## Data extract
▬▬▬

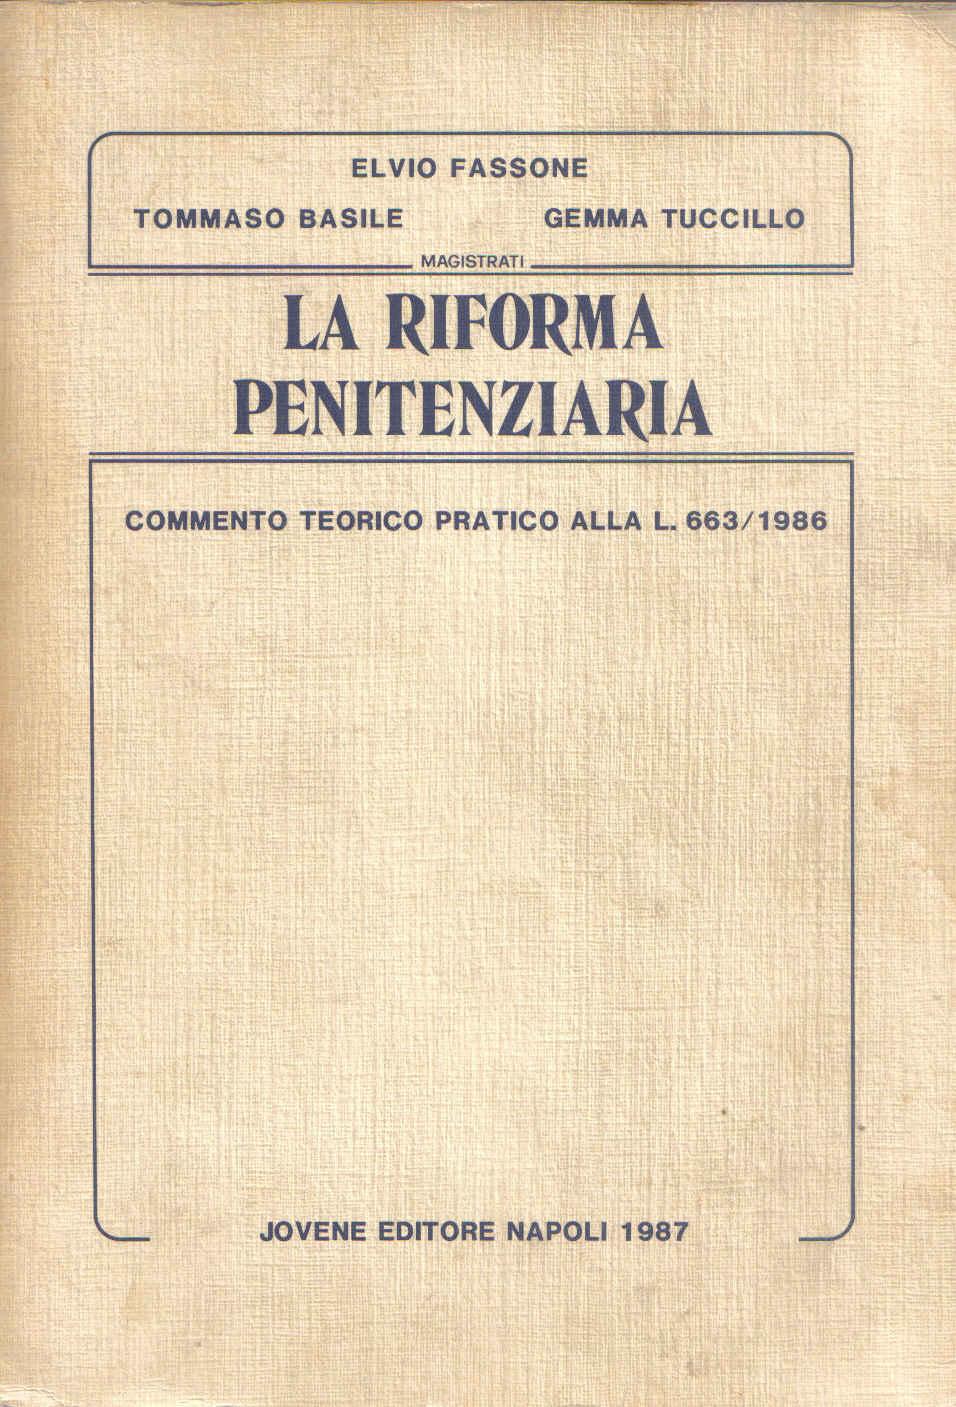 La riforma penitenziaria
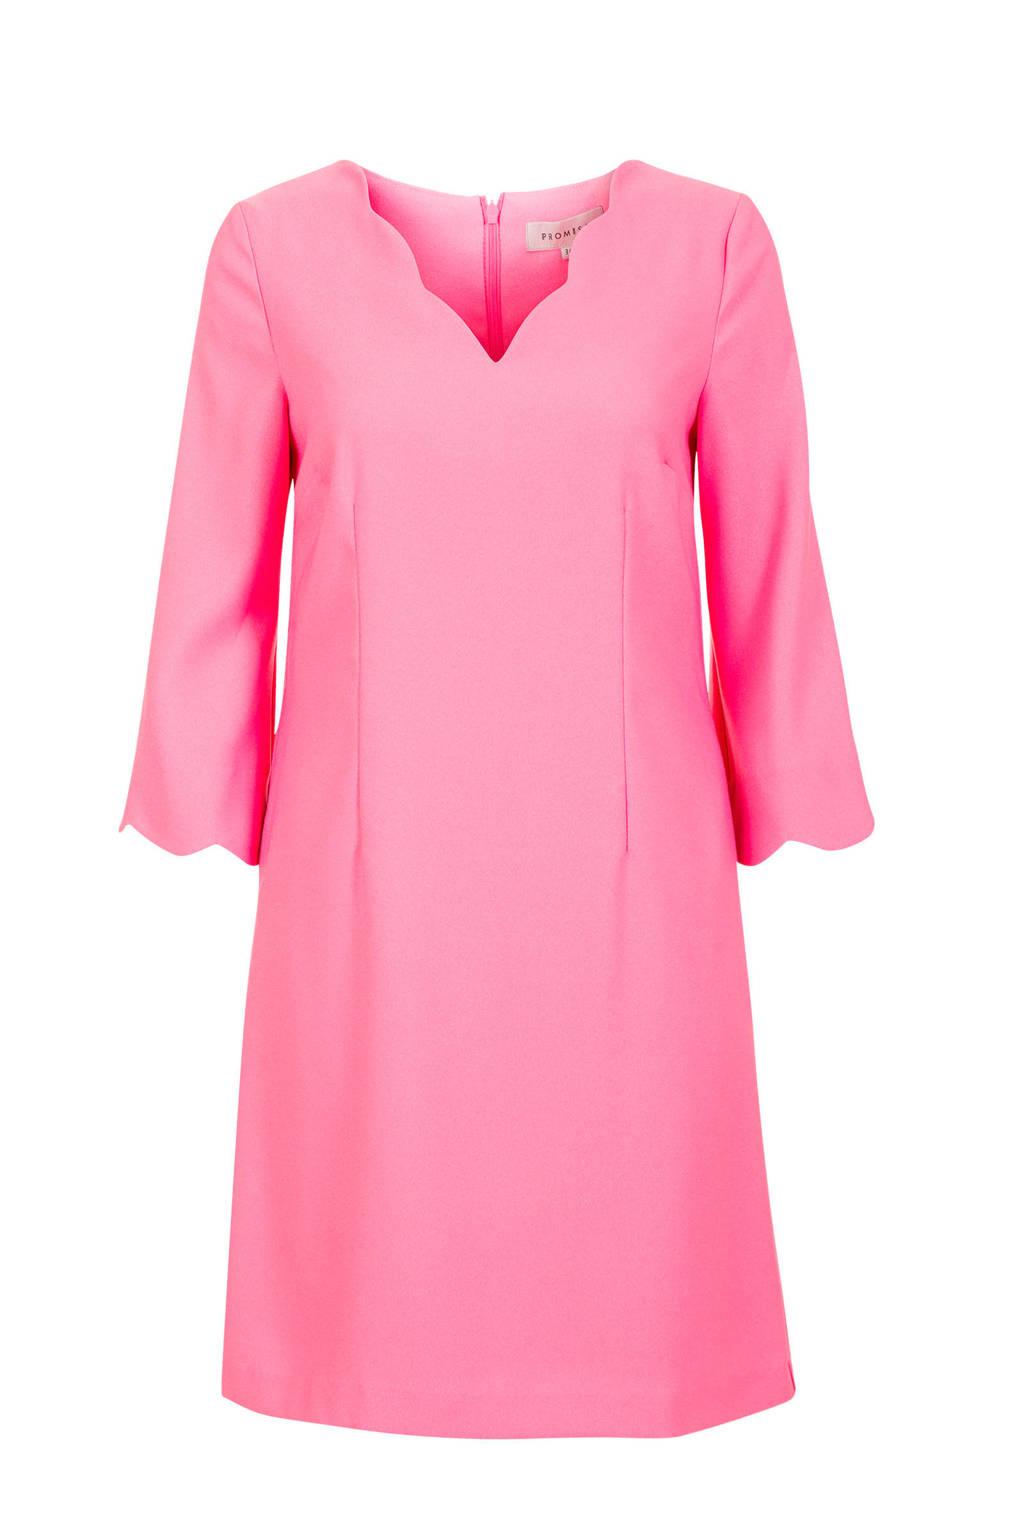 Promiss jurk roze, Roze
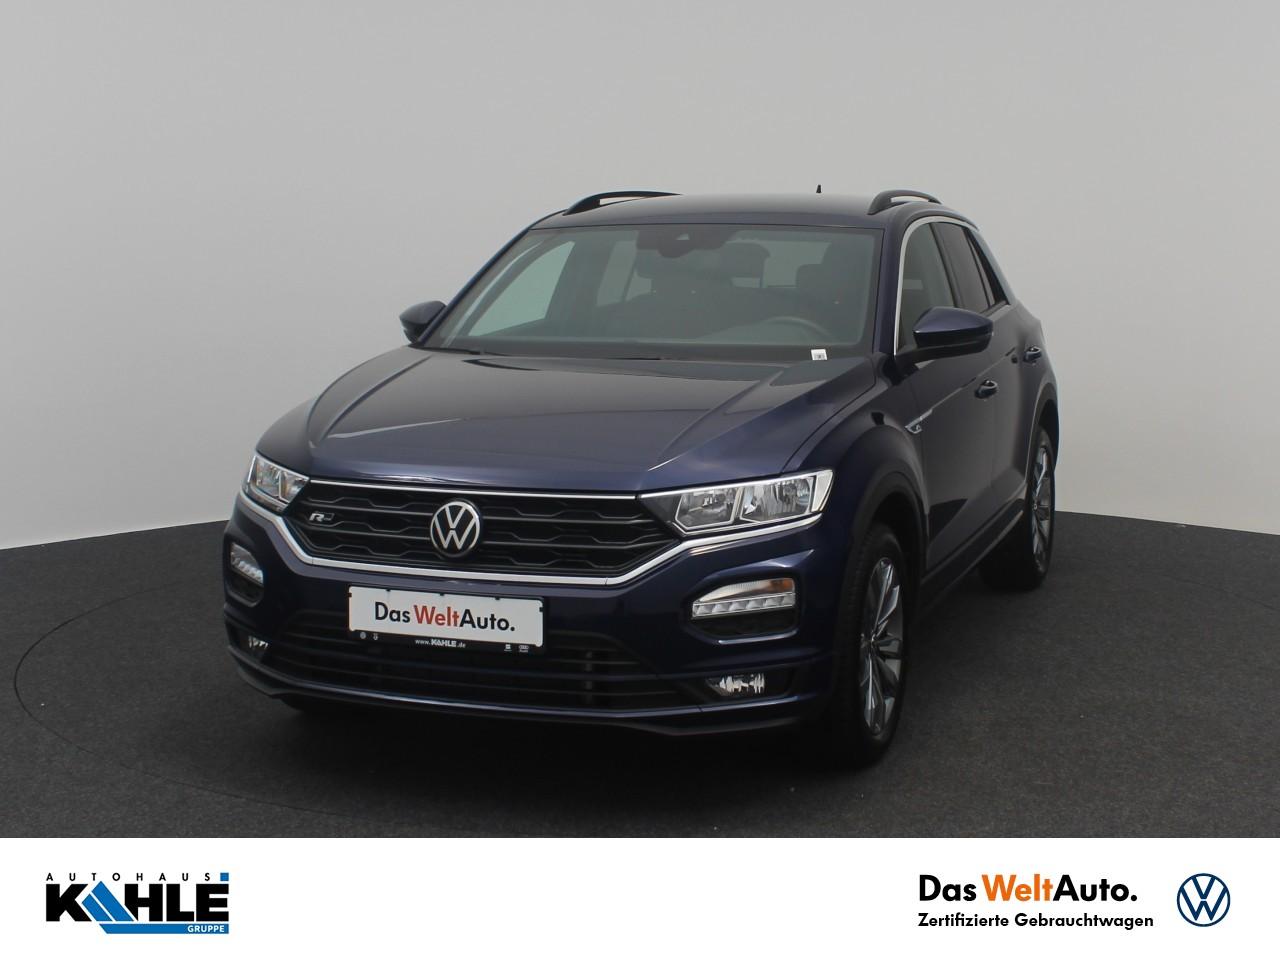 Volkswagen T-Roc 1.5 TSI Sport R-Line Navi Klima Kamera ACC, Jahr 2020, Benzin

▬▬▬

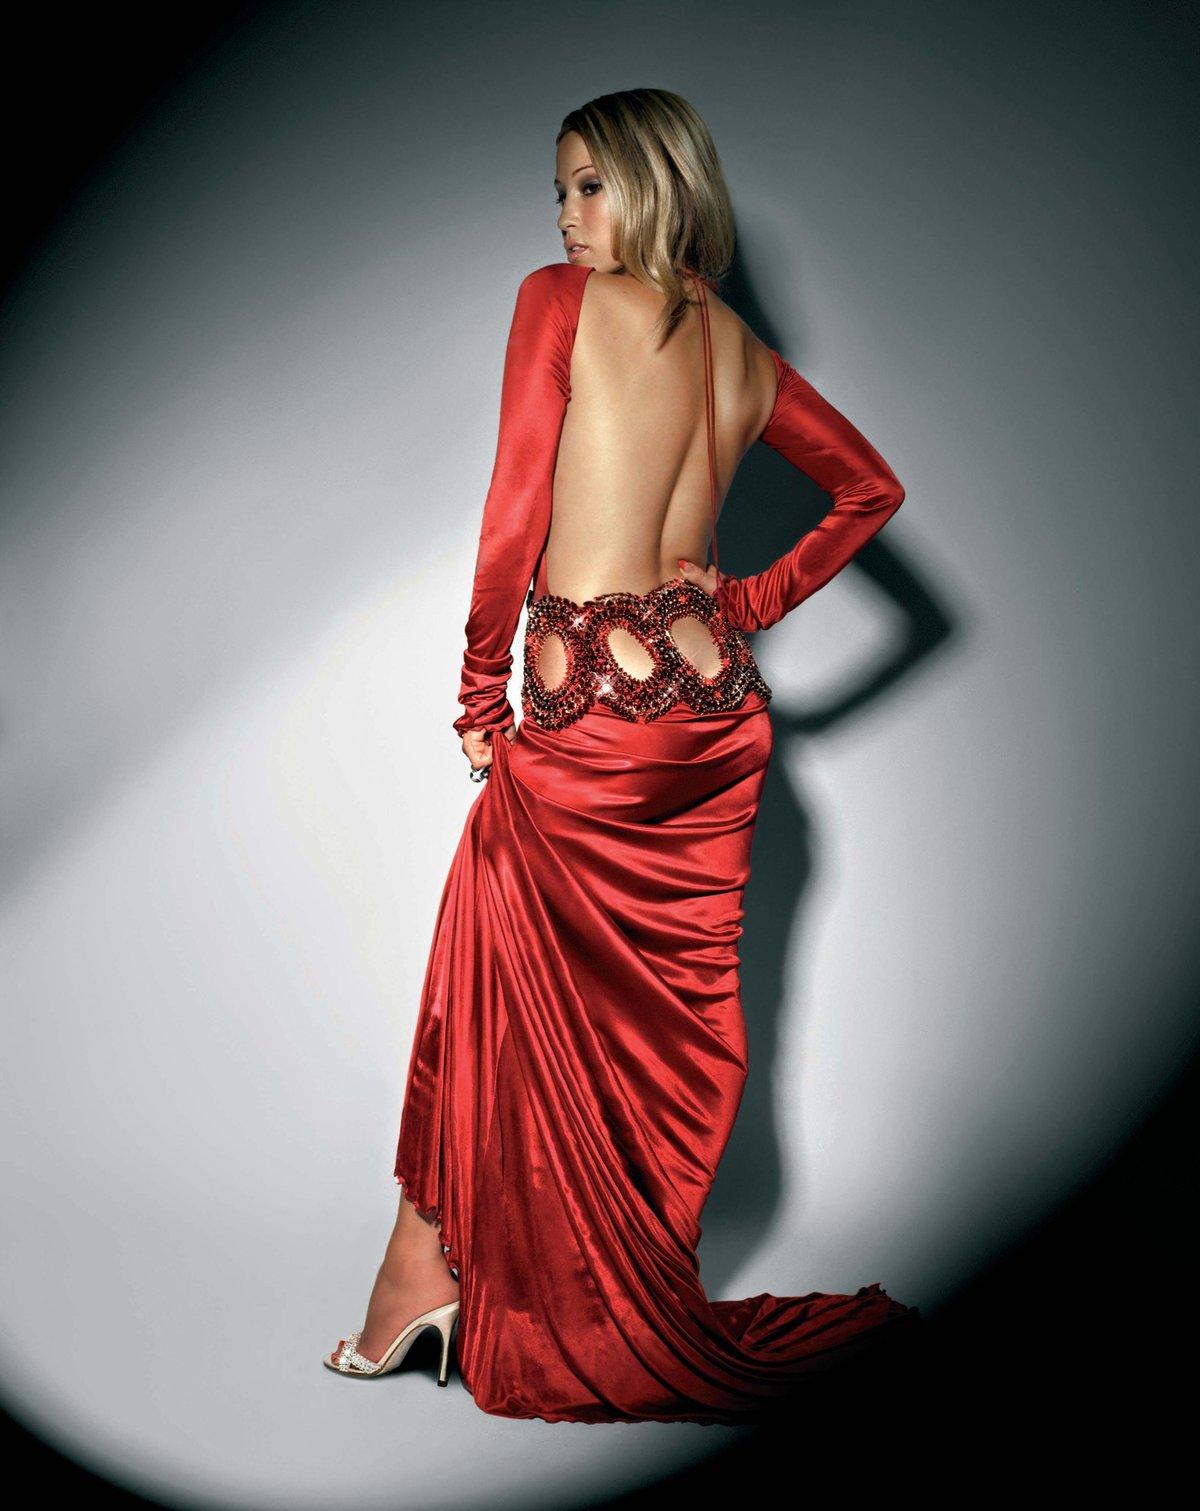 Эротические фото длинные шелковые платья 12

▬▬▬

Quote word for word only the lines above from the one containing "Promiss jurk roze, Roze" through the one containing "Volkswagen T-Roc 1.5". Pictures stay out of your copy.

## Exercise solution
 Promiss jurk roze, Roze
 Volkswagen T-Roc 1.5 TSI Sport R-Line Navi Klima Kamera ACC, Jahr 2020, Benzin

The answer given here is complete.